When starting up your application any fault-tolerant state stores don’t need a restoration process as the persisted state is read from local disk. But there could be situations when a full restore from the backing changelog topic is required (e.g., a failure wiped out the local state or your application runs in a stateless environment and persisted data is lost on re-starts).

If you have a significant amount of data in the changelog topic, the restoration process could take a non-negligible amount of time. Given that processing of new data won’t start until the restoration process is completed, having a window into the progress of restoration is useful.

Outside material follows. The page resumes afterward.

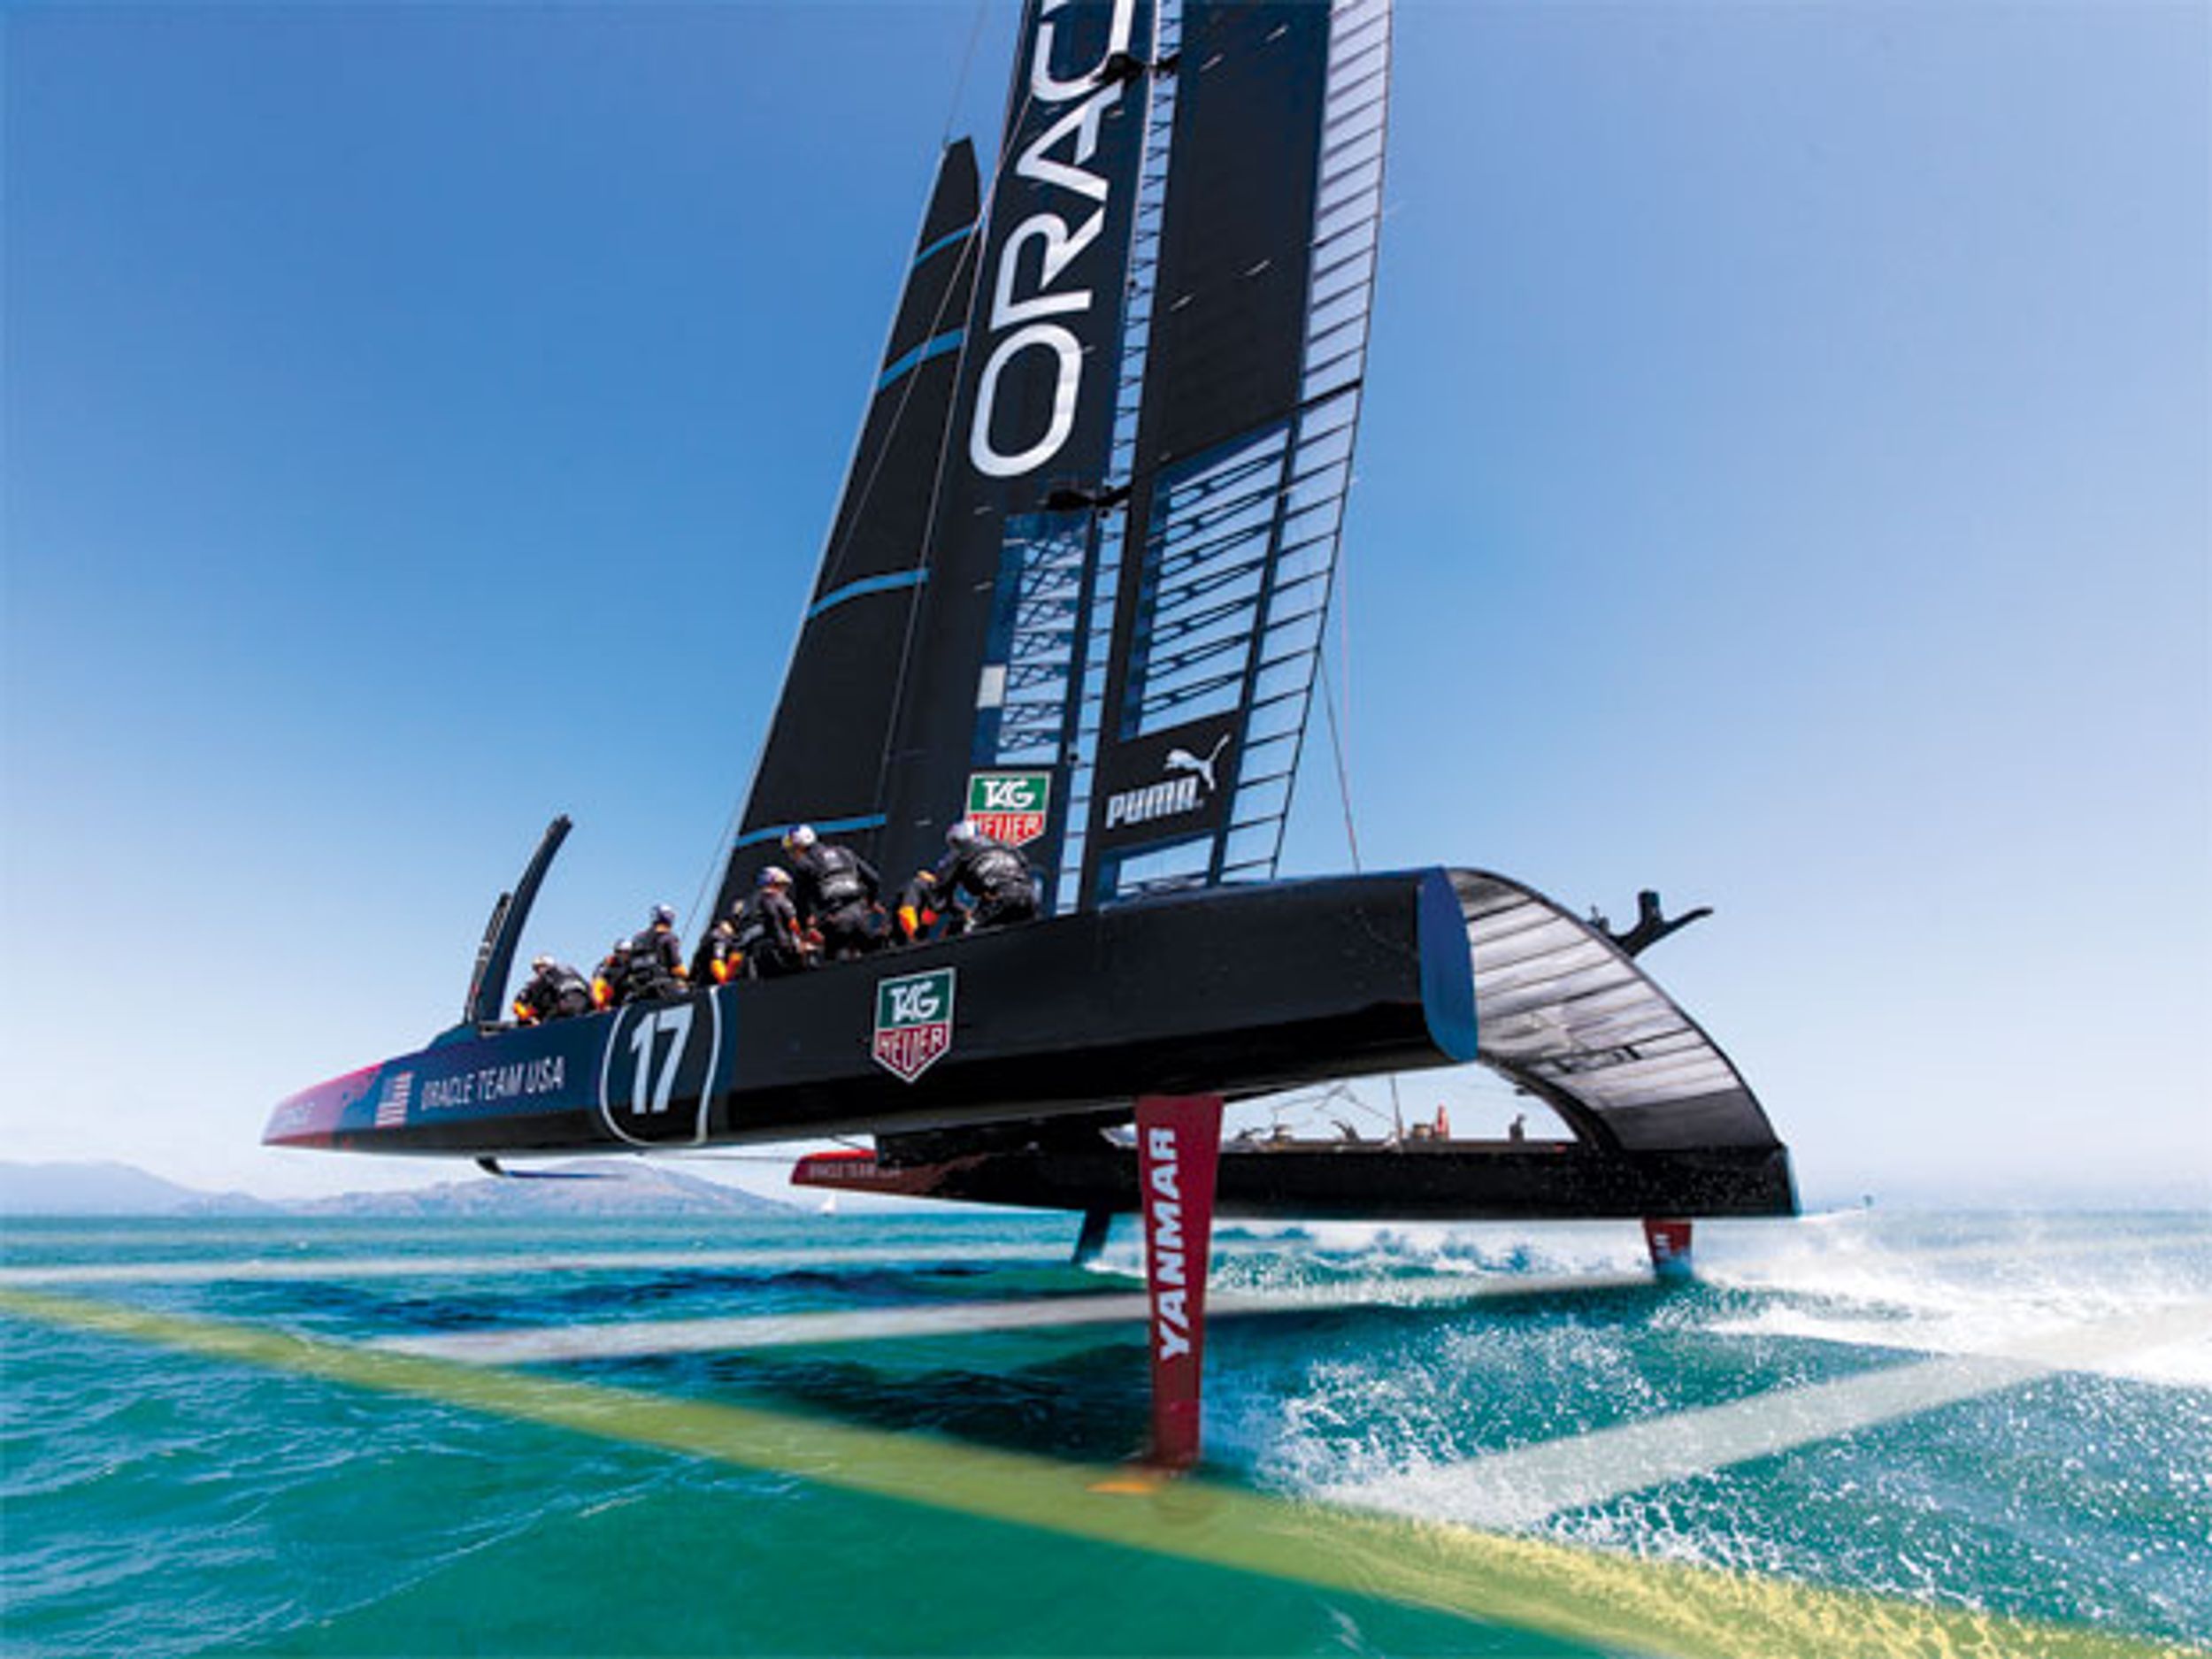 Photo of the Oracle Team USA’s boat.

In order to observe the restoration of all state stores you provide your application an instance of the org.apache.kafka.streams.processor.StateRestoreListener interface. You set the org.apache.kafka.streams.processor.StateRestoreListener by calling the KafkaStreams#setGlobalStateRestoreListener method.

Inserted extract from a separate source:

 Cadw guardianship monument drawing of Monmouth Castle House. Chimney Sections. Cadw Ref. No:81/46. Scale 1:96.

A basic implementation example that prints restoration status to the console:

import org.apache.kafka.common.TopicPartition;
import org.apache.kafka.streams.processor.StateRestoreListener;

 public class ConsoleGlobalRestoreListerner implements StateRestoreListener {

    public void onRestoreStart(final TopicPartition topicPartition,
                               final String storeName,
                               final long startingOffset,
                               final long endingOffset) {

        System.out.print("Started restoration of " + storeName + " partition " + topicPartition.partition());
        System.out.println(" total records to be restored " + (endingOffset - startingOffset));

    public void onBatchRestored(final TopicPartition topicPartition,
                                final String storeName,
                                final long batchEndOffset,
                                final long numRestored) {

        System.out.println("Restored batch " + numRestored + " for " + storeName + " partition " + topicPartition.partition());


    public void onRestoreEnd(final TopicPartition topicPartition,
                             final String storeName,
                             final long totalRestored) {

        System.out.println("Restoration complete for " + storeName + " partition " + topicPartition.partition());


The StateRestoreListener instance is shared across all org.apache.kafka.streams.processor.internals.StreamThread instances and also used for global stores. Furthermore, it is assumed all methods are stateless. If any stateful operations are desired, then the user will need to provide synchronization internally

Integration with Confluent Control Center

Since the 3.2 release, Confluent Control Center will display the underlying producer metrics and consumer metrics of a Kafka Streams application, which the Streams API uses internally whenever data needs to be read from or written to Apache Kafka® topics. These metrics can be used, for example, to monitor the so-called “consumer lag” of an application, which indicates whether an application – at its current capacity and available computing resources – is able to keep up with the incoming data volume.

A Kafka Streams application, i.e. all its running instances, appear as a single consumer group in Control Center.


Restore consumers of an application are displayed separately: Behind the scenes, the Streams API uses a dedicated “restore” consumer for the purposes of fault tolerance and state management. This restore consumer manually assigns and manages the topic partitions it consumes from and is not a member of the application’s consumer group. As a result, the restore consumers will be displayed separately from their application.